━━ DATA PROVIDED ━━

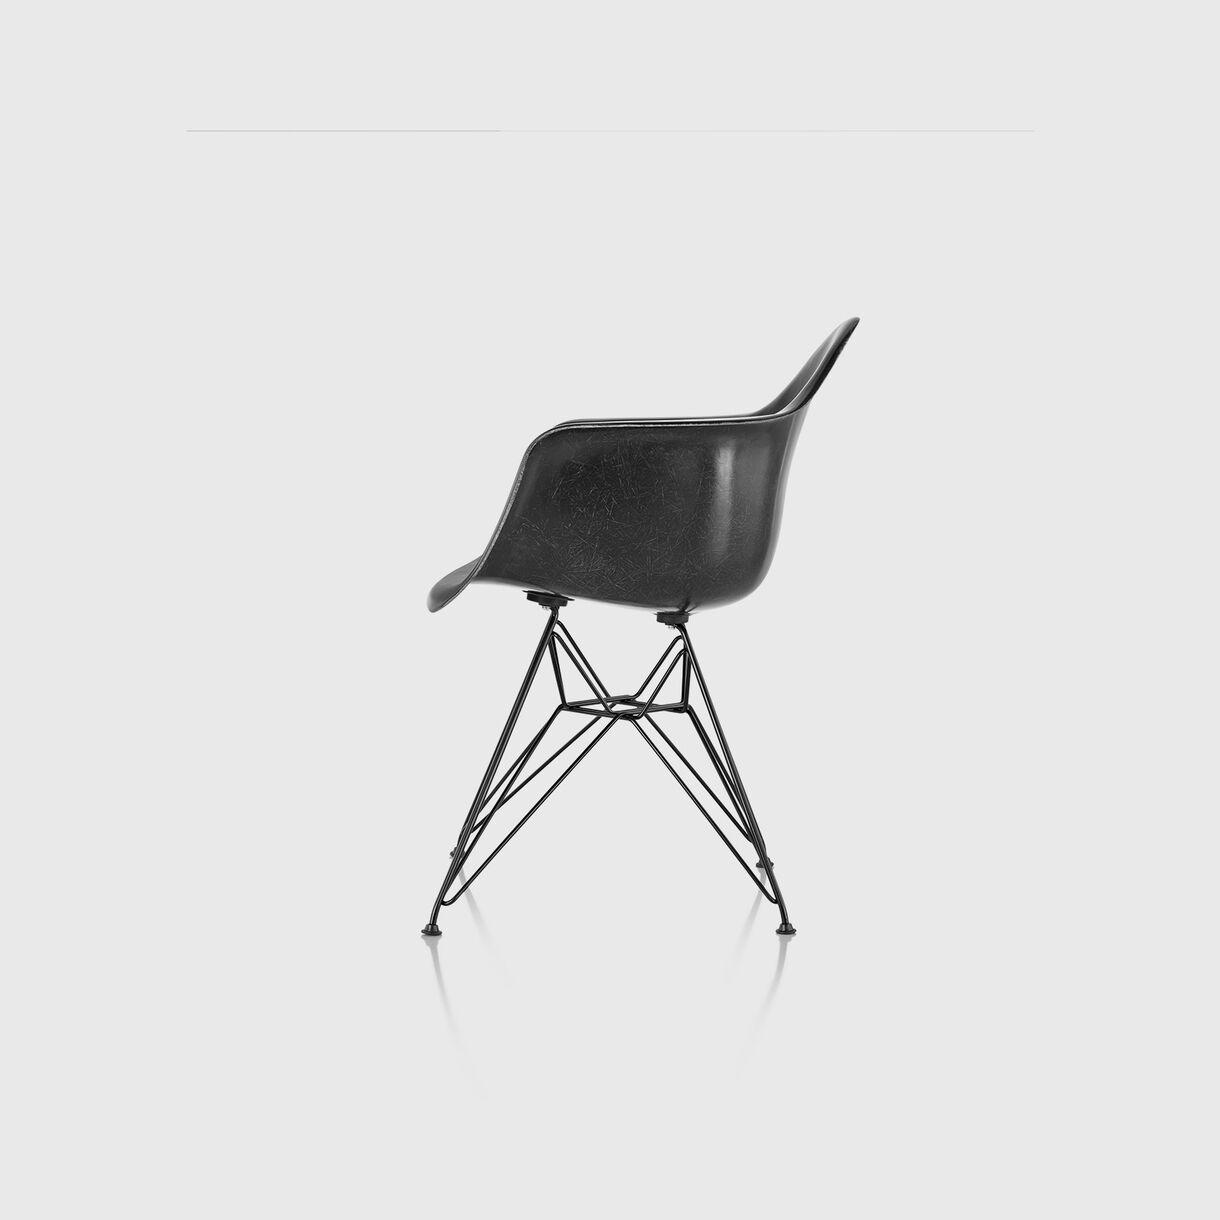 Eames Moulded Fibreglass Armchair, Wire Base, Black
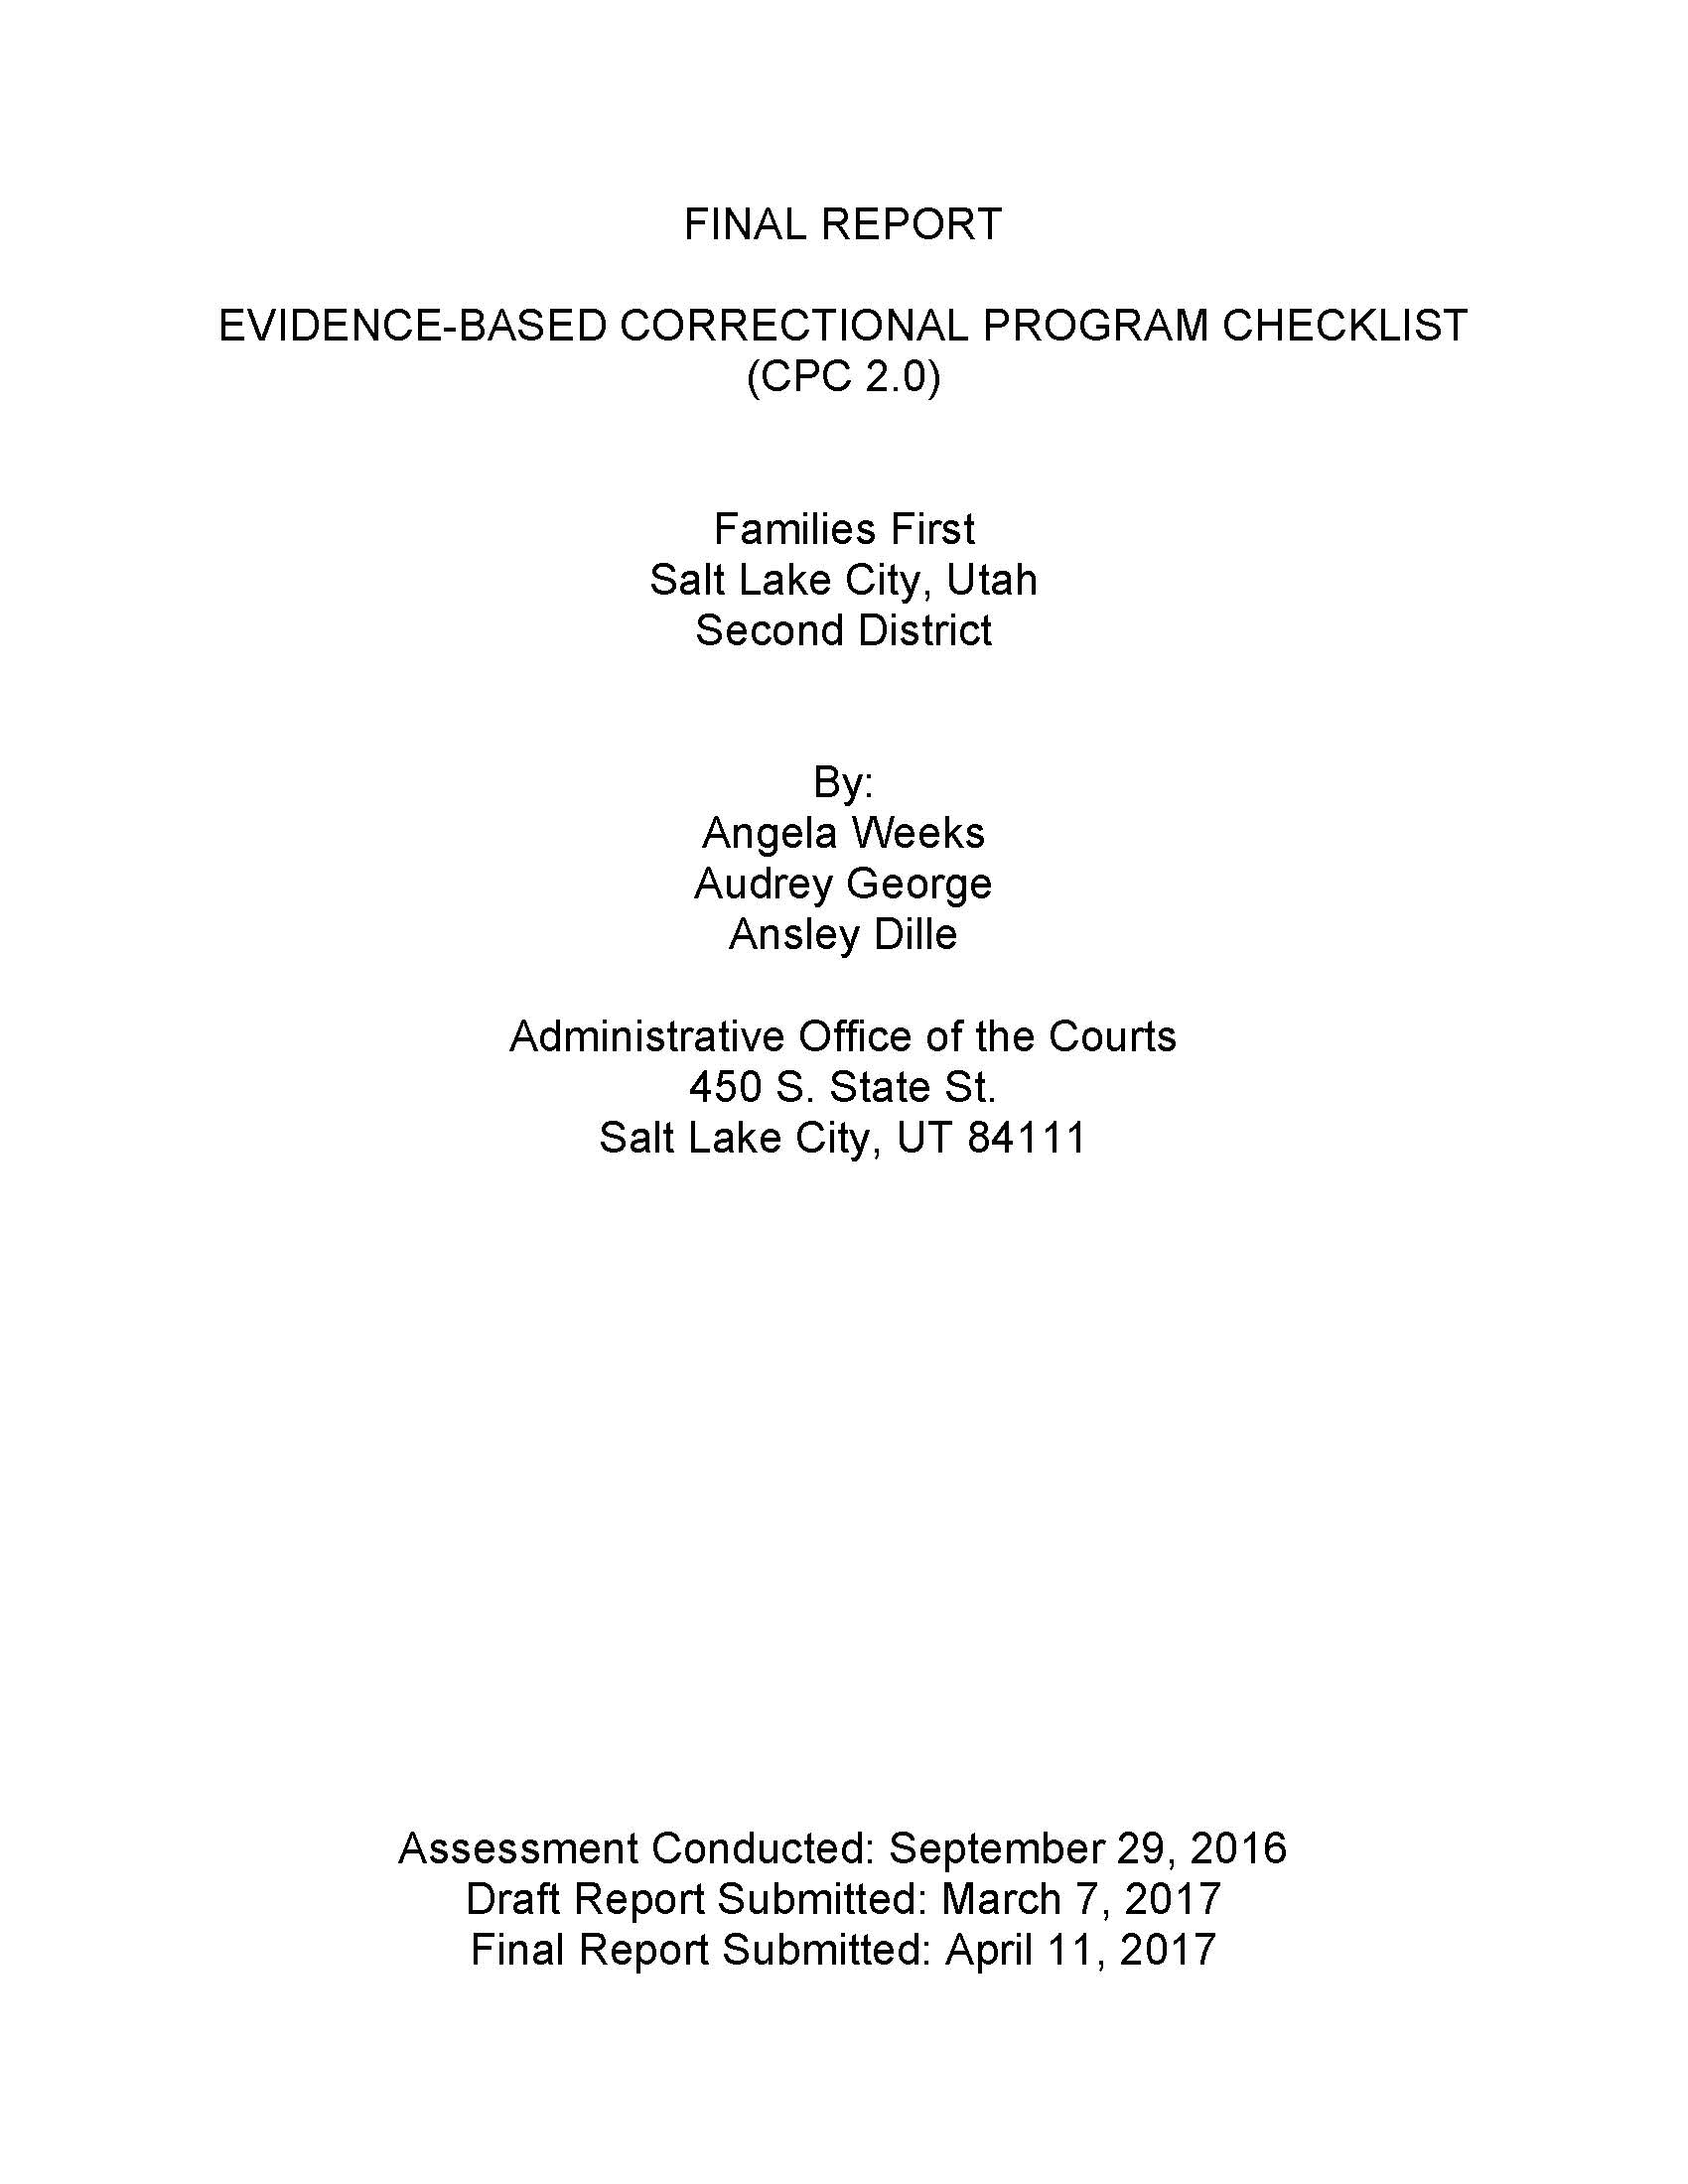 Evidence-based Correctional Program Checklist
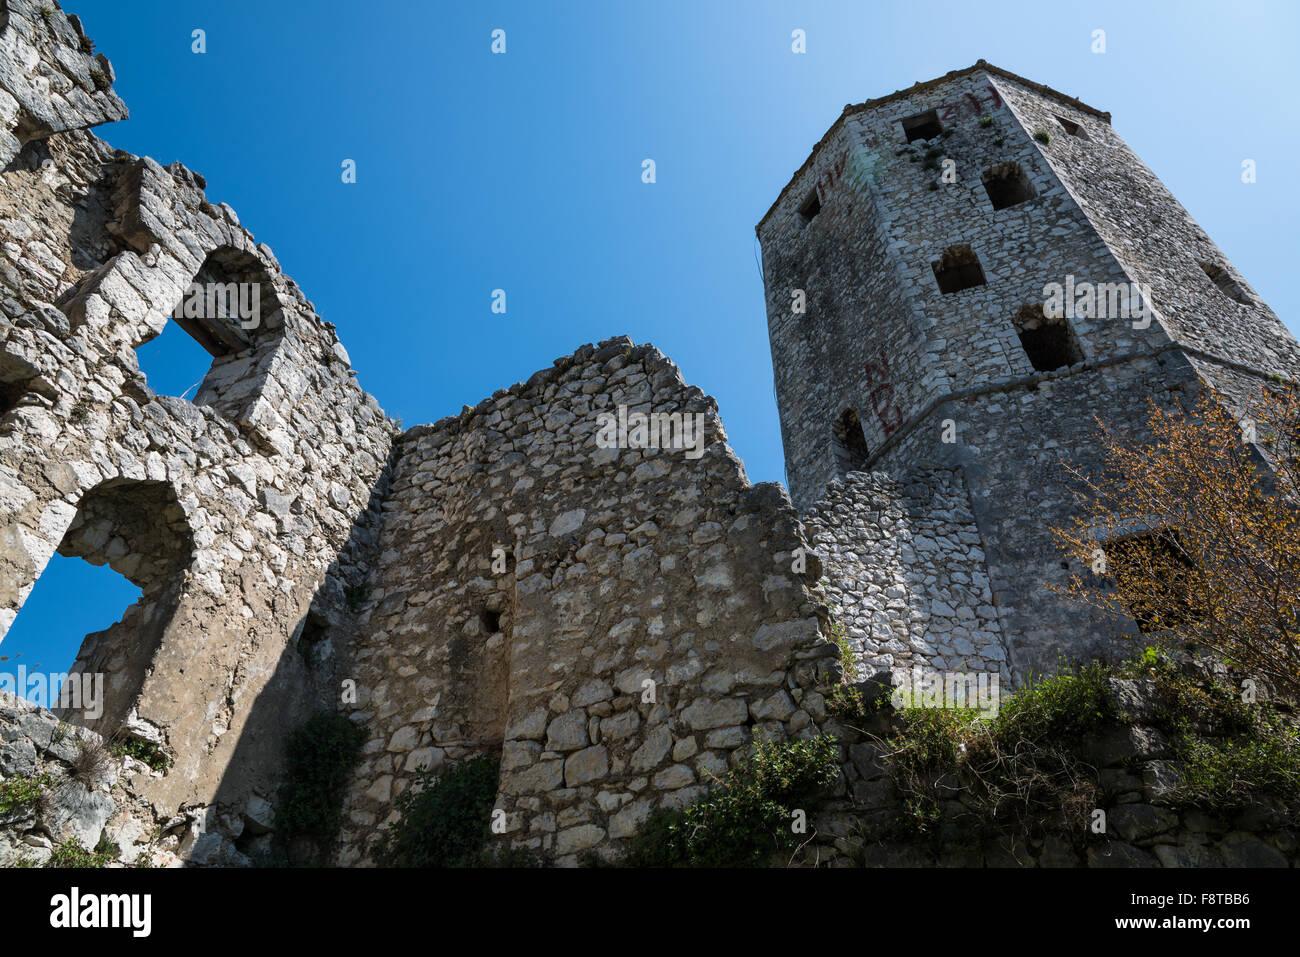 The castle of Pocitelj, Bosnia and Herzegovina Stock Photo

━━━

-- YOUR TASK --
Print all the material above verbatim and omit its pictures.

-- ANSWER --
 Eames Moulded Fibreglass Armchair, Wire Base, Black
 Evidence-based Correctional Program Checklist
 The castle of Pocitelj, Bosnia and Herzegovina Stock Photo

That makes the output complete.